Durante la pandemia, las mujeres de barrios populares ampliaron sus caminatas y reorganizaron sus rutas ante la falta de transporte y servicios cercanos.
Accesibilidad para peatones “promedio”
El Índice de Caminabilidad promovido por el Banco Interamericano de Desarrollo (BID) mide, desde una perspectiva de género, la calidad del entorno construido para caminar. La metodología permite evaluar recorridos y calles, a través del análisis de 23 variables estructuradas en seis categorías: aceras, conectividad, seguridad vial, fachadas y edificios, confort y mobiliario y señalización.
Aunque este índice supone un avance en la valoración del espacio peatonal, sigue basándose en el peatón estándar: alguien que se desplaza sin trabas, con plena autonomía física y un recorrido sencillo del punto A al punto B.
En los viajes de enfermería, esto rara vez sucede. Cualquiera que empuje un cochecito de bebé o acompañe a un adulto mayor necesita aceras anchas y continuas, rampas bien diseñadas, cruces seguros y sombra. Quien camina en actividades encadenadas necesita buena conectividad, cercanía a los servicios y sensación de seguridad en los distintos momentos. En muchas partes de América Latina estas condiciones no están garantizadas.
Si estas realidades no se miden, permanecen invisibles. Y lo que no se ve no se planifica.
Nuevas metodologías
A nivel internacional, están surgiendo herramientas para integrar la atención en la medición urbana e identificar brechas entre los servicios, la movilidad y la disponibilidad de tiempo de quienes cuidan.
Este tipo de modelo puede establecer un diálogo con métricas existentes, como las del BID, y ampliarlas para captar mejor las desigualdades territoriales. La inclusión de estas variables no se trata de agregar indicadores por agregarlos, sino más bien de replantearse la cuestión de qué significa una “ciudad transitable” y para quién.
Hacia una medición que se preocupa
Medir la caminabilidad con acceso a cuidados permitiría identificar distancias excesivas a pie hasta colegios y centros de salud, aceras discontinuas que impiden empujar los cochecitos, cruces peligrosos en los itinerarios escolares, falta de iluminación o barreras para personas con movilidad reducida. Estos pequeños obstáculos en el mapa son, en la práctica, grandes obstáculos para la igualdad.
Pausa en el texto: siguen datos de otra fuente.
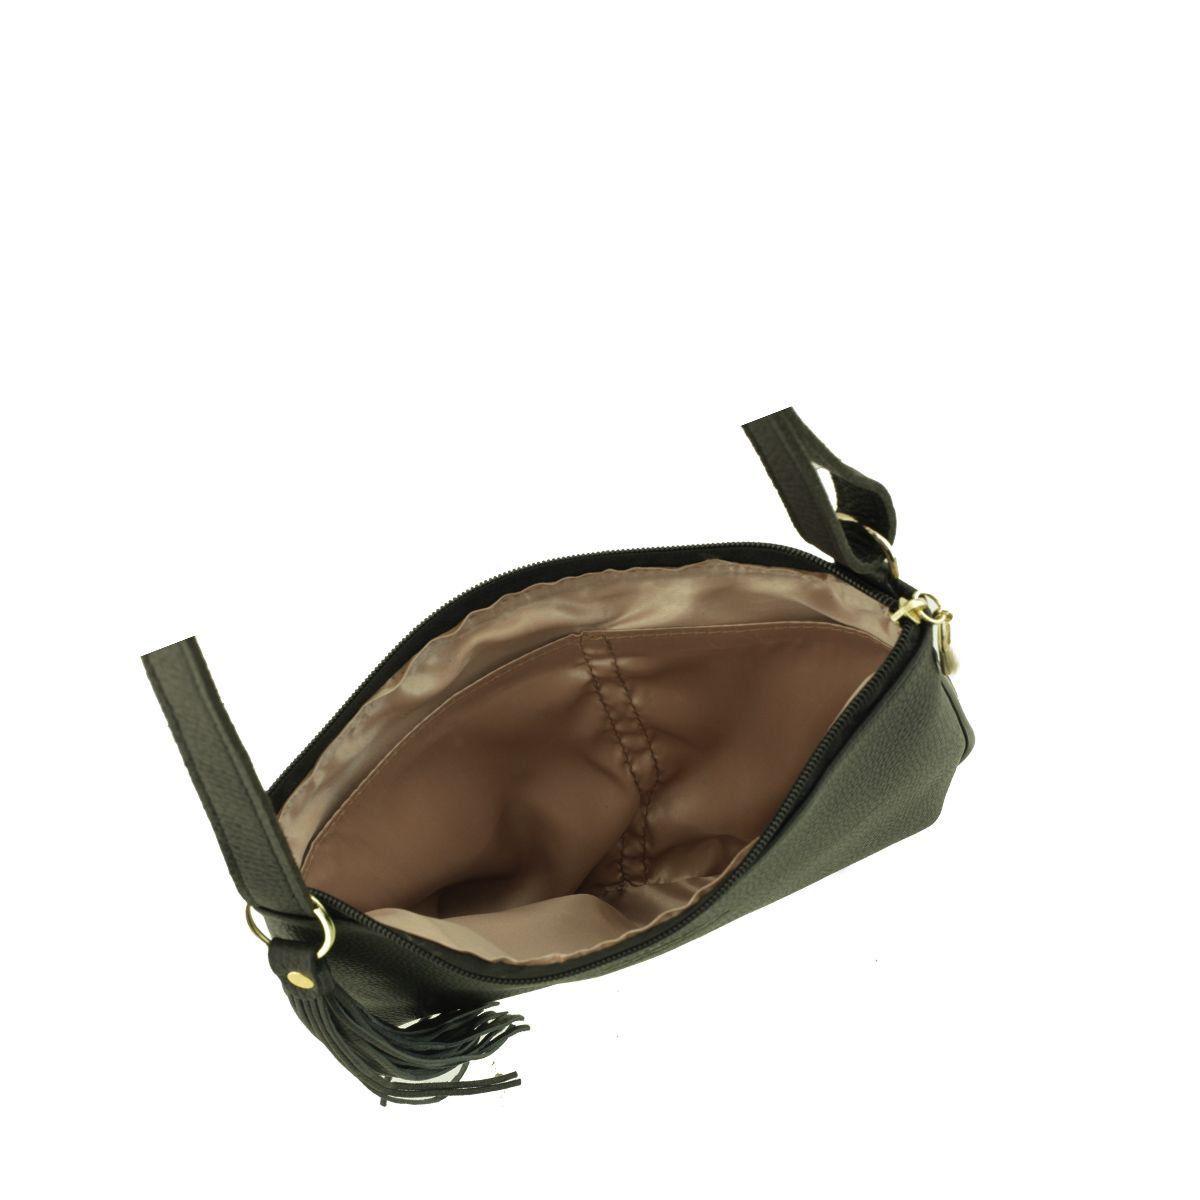 Bolsa Transversal Pequena Preto Fosco

Esto mejoraría las vidas de las mujeres, los ancianos, los niños, las personas con discapacidad y los hogares de bajos ingresos. Además, permitiría crear políticas más efectivas, ya que la prestación de cuidados reduce las desigualdades desde sus raíces temporales y territoriales.
La infraestructura de atención ya existe en la ciudad, pero a menudo es insegura e invisible. Medir la accesibilidad y la transitabilidad sin cuestionar la ficción del peatón estándar equivale a seguir planificando para una minoría. Cuando una ciudad decide qué medir, también decide a quién priorizar.